Operators

Operators are used here as a general term of callable code blocks that operate on data. These are similar to Ansible’s modules, or Airflow’s operators. In fasthep-flow, operators are used to define stages in a workflow. The operators are defined in the YAML file, and then integrated into the workflow when the DAG is generated. The defined operators can be used to transform data, filter data, or generate data. Operators defined in the YAML file are expected to be callables supporting a specific protocol. When constructing the workflow, fasthep-flow will try to import the module first, e.g. fasthep_flow.operators.bash.BashOperator, which gives the user the flexibility to define their own operators.

Operator Types

There are five types of operators:

  1. Data Input: These are a special set that does not require any input data, and instead generates data. These are used to start a workflow.
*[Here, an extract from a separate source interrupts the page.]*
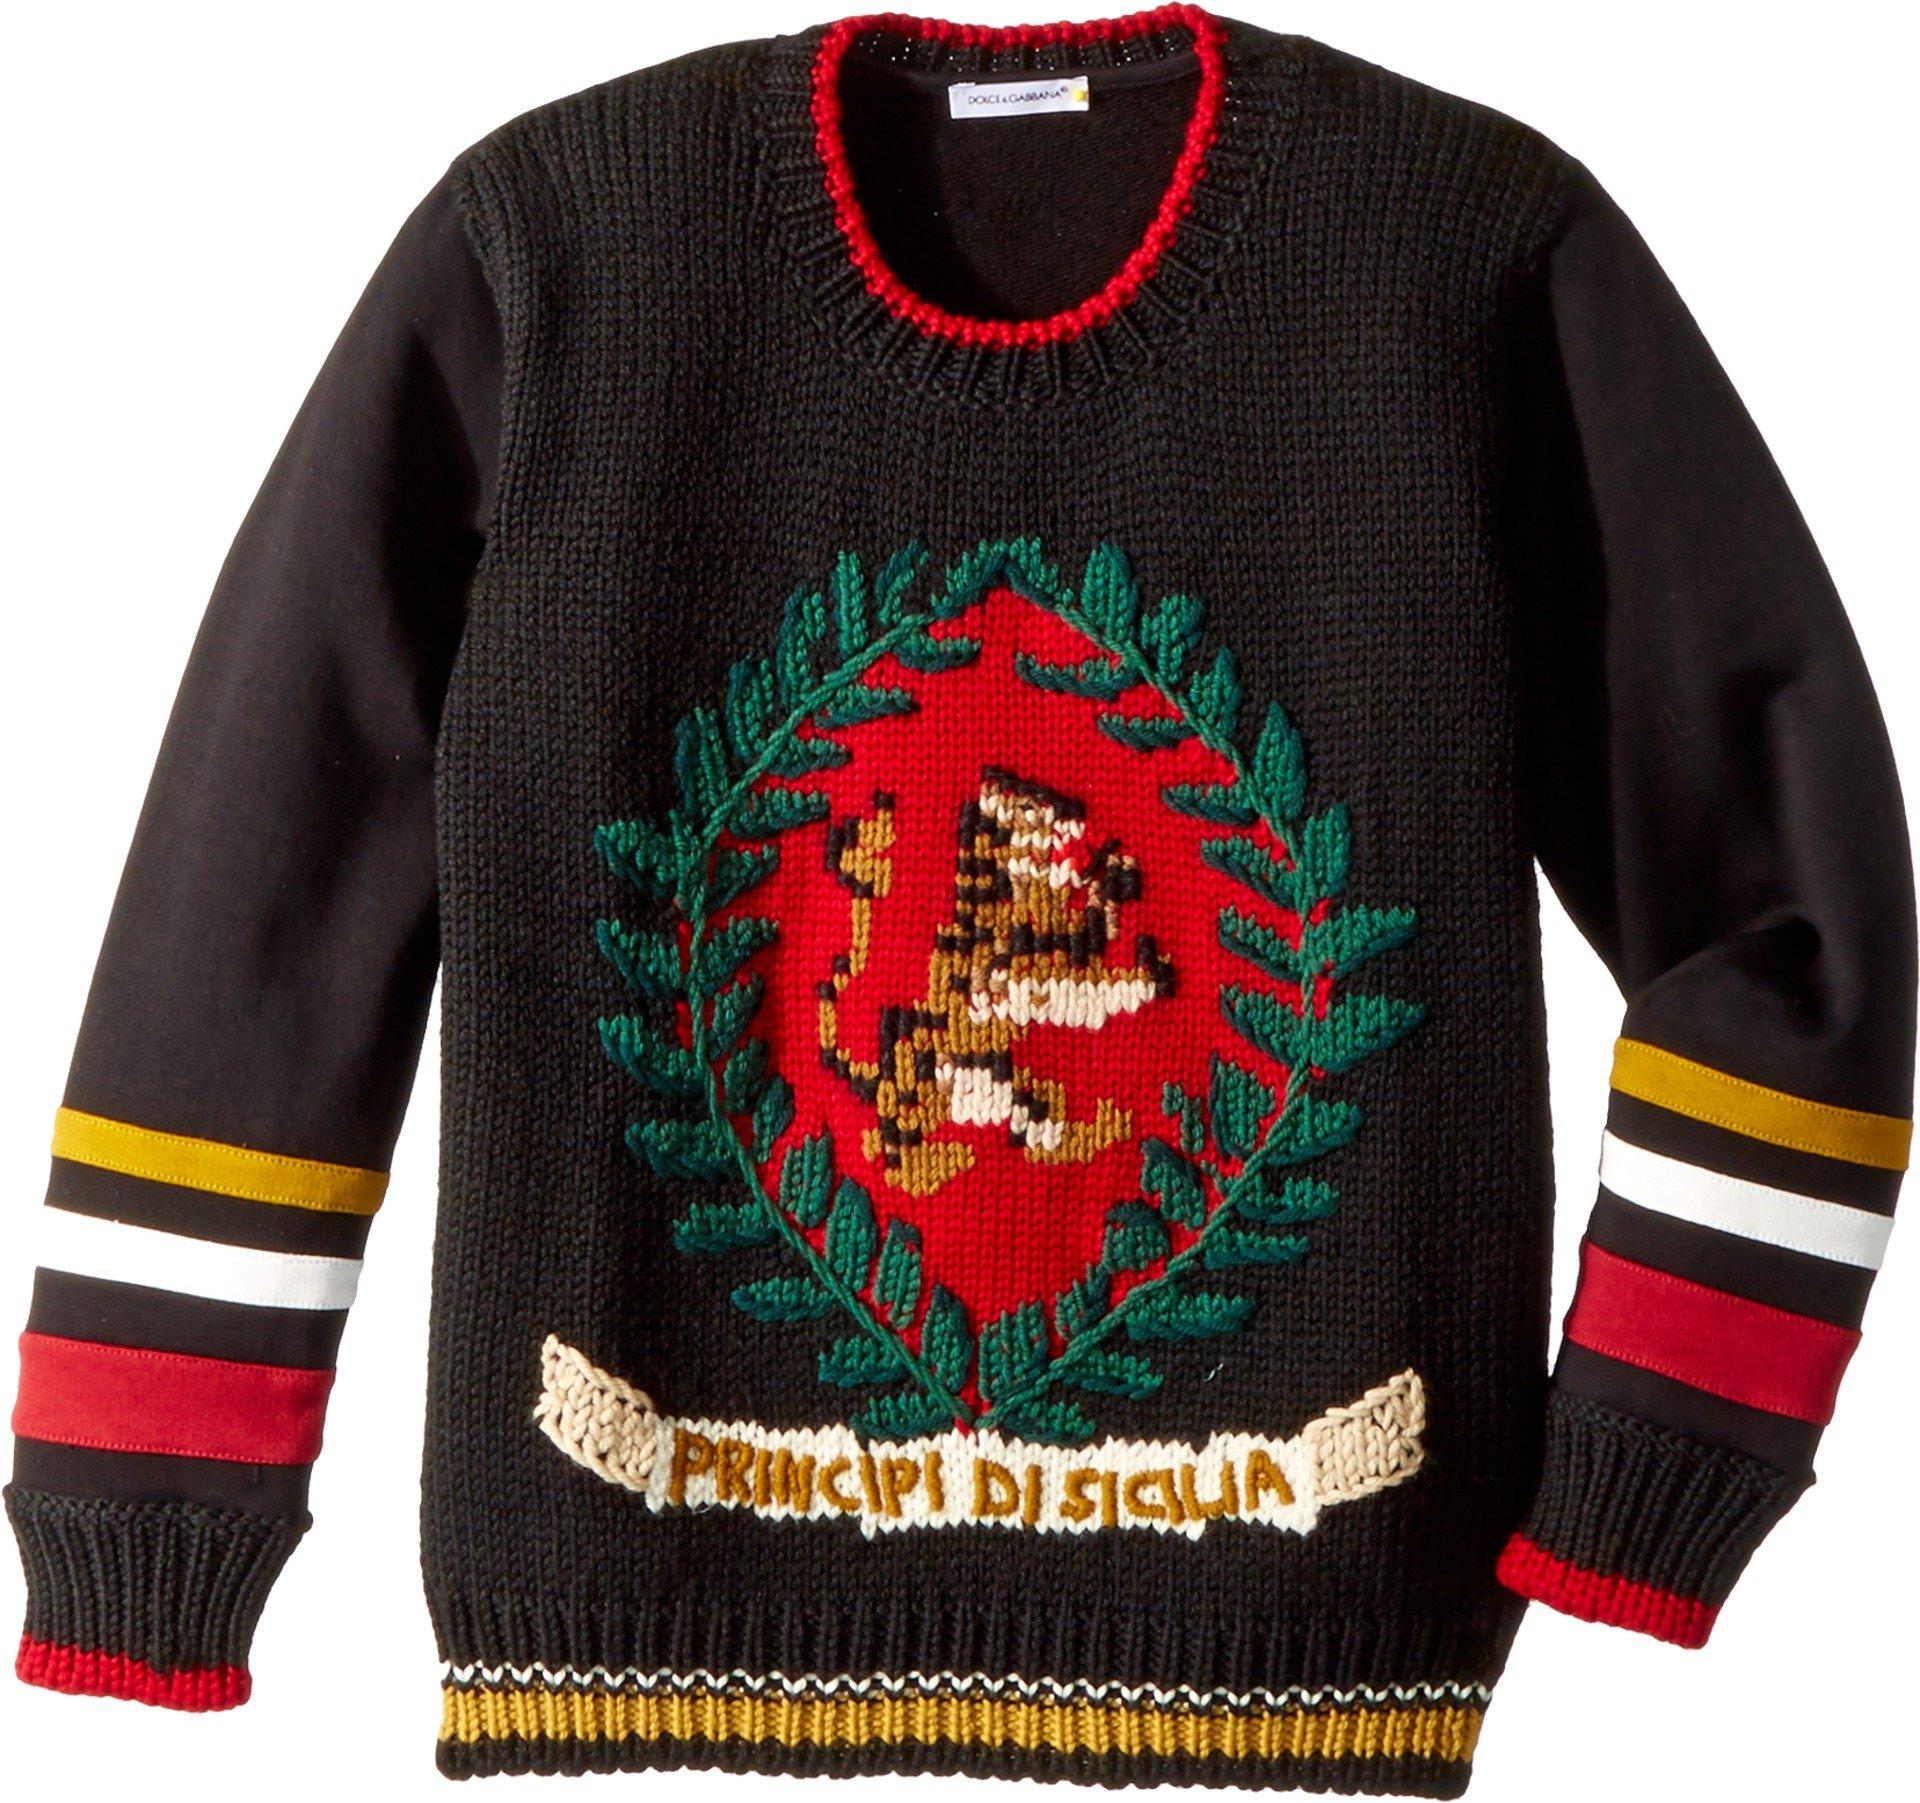 Dolce & Gabbana Kids Baby Boy's Sicily Sweatshirt (Toddler/Little Kids) Black Print 2T Toddler by Dolce & Gabbana

  2. Data Output: These are a special set that does not require any output data, and instead consumes data. These are used to end a workflow.

  3. Data Transform: These are the most common operators, and are used to transform data or add data to the workflow.

  4. Filter: These are used to filter data. They are similar to data transform operators, but instead of adding data, they restrict part of the data to continue in the workflow.

  5. Passive: These are used to monitor the workflow, and are do not change the data. Examples of such modules are the ProvenanceOperator and the MonitoringOperator.

Custom operators

Documentation on how to create custom operators can be found in the developer’s corner.